All fields with structs are always pointers to structs, rather than concrete structs

When providing a API interface to a dataset (such as a Restful API), it's normal for optional fields to be pointers, and non-optional fields to concrete types, including structs. This approach minimises the number of nil checks people have to do, and generally Go discourages the usage of pointers unless they're actually needed because you want to share a value.

Making every struct value in the generated code is very unergonomic, as it either requires nil checks littered at every level of your code that interacts with these structs, or (more likely) people don't bother with the nil checks, relying on Pkl to enforce the existence of values. However that approach means there's no indication as to what might break if a non-optional field is later make optional. By following go conventions, this change will result in build failures, rather the current runtime failures.

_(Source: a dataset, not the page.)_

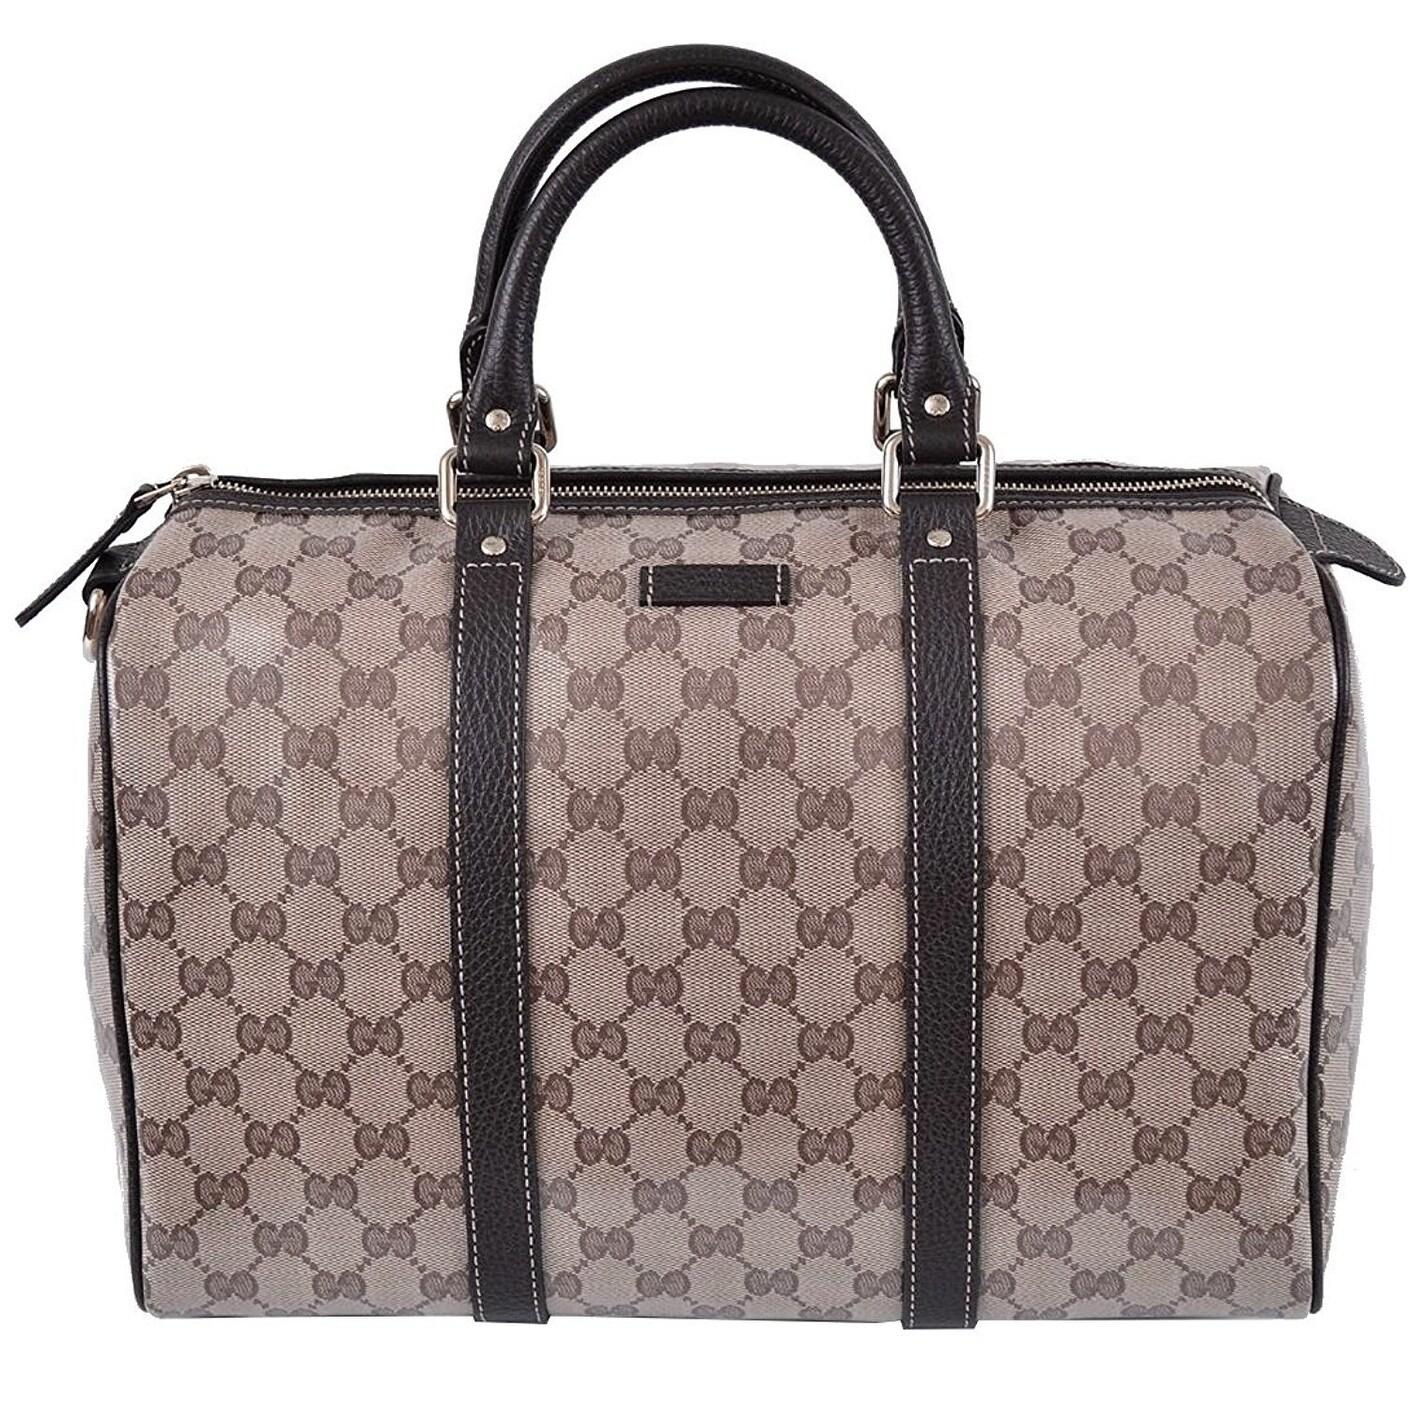 8866fb439 Shop Gucci Brown Crystal GG Canvas & Leather Boston Bag - Free ...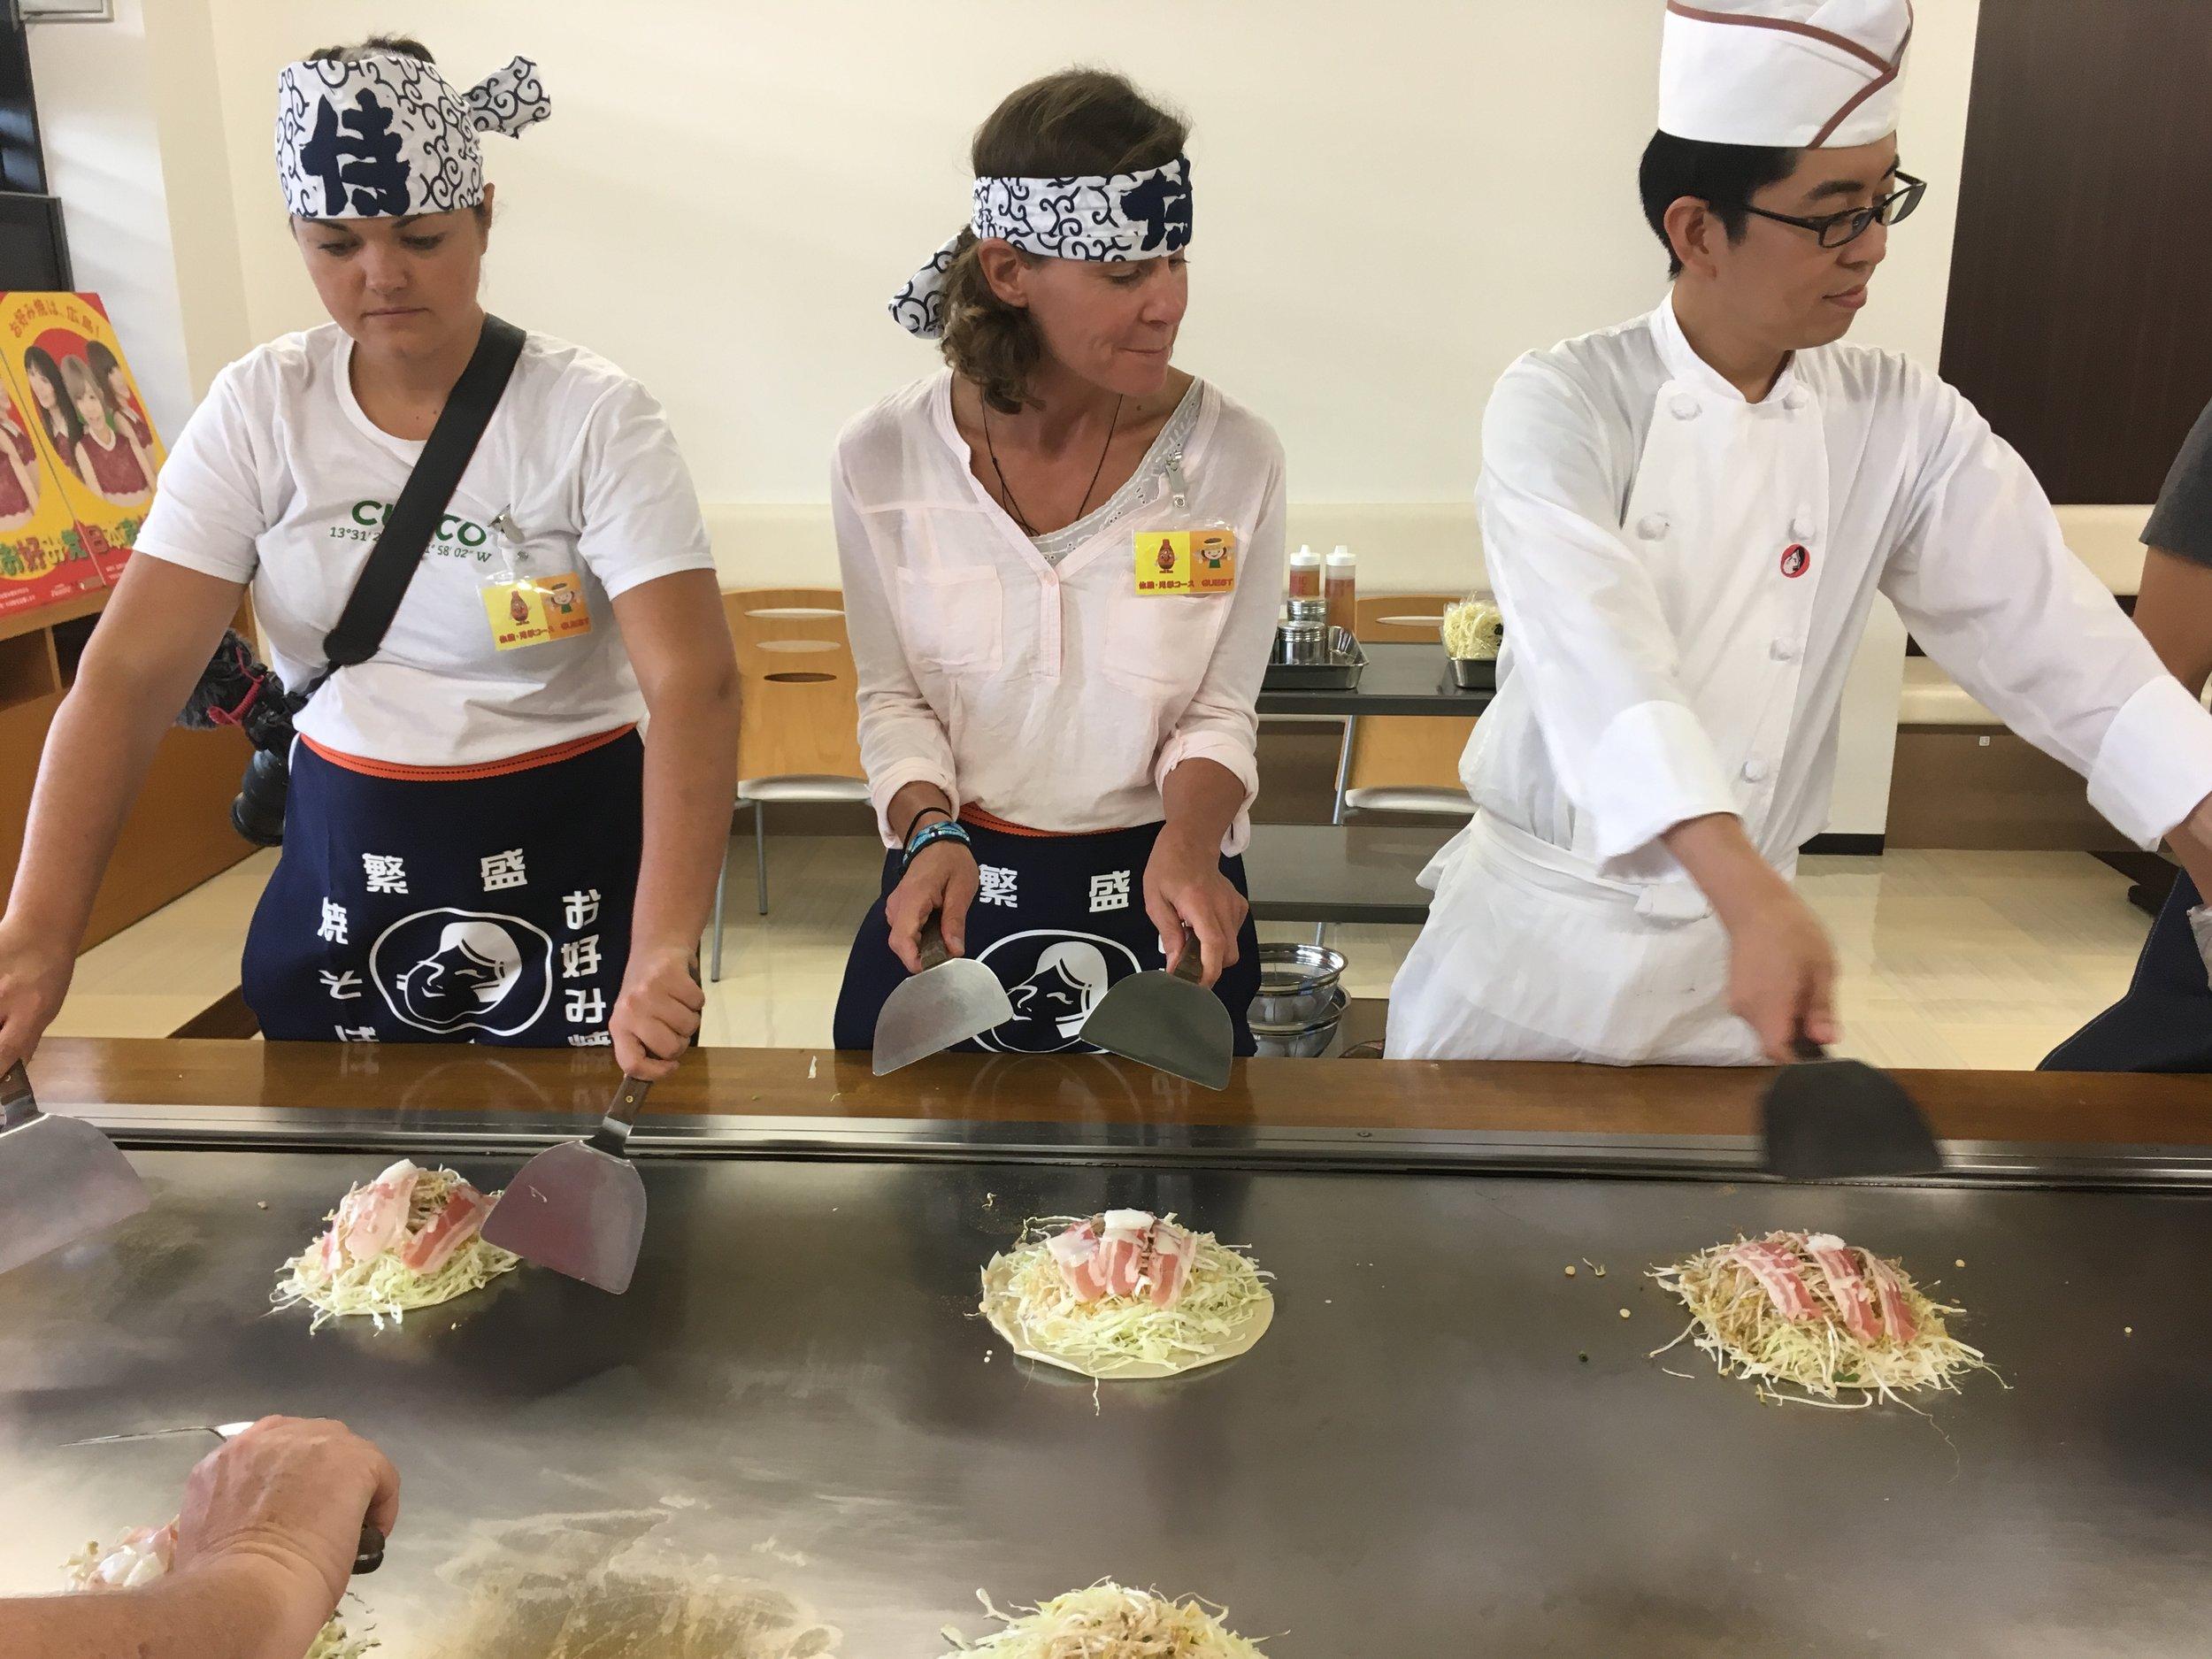 Practicing the art of okonomiyaki at the Otafuku factory

Normal go conventions encourage the returning on structs rather than
pointers or interfaces. It's also normal convension to make optional
values pointers, and non-optional concrete types, including stucts,
rather than pointers to structs.

As it very easy for a someone to choose to take a pointer to a struct in
go and pass that around if they want to avoid copies (although the go
compiler is heavily optimised to support passing complete structs, even
large ones, around), there's little benifit in making embeded structs
pointers. It just requires that downstream code needs to be filled with
annoying nil checkes, and generally makes it harder to write robust,
clean code.
Codegen changes means that the old test fixtures are out of date, and
can't be used to test the go binding code. Updating these fixtures
breaks the binding code, and identifies the areas that need enhancement.
The codegen changes means we need to support decoding data into concrete
structs, and not just pointers to structs.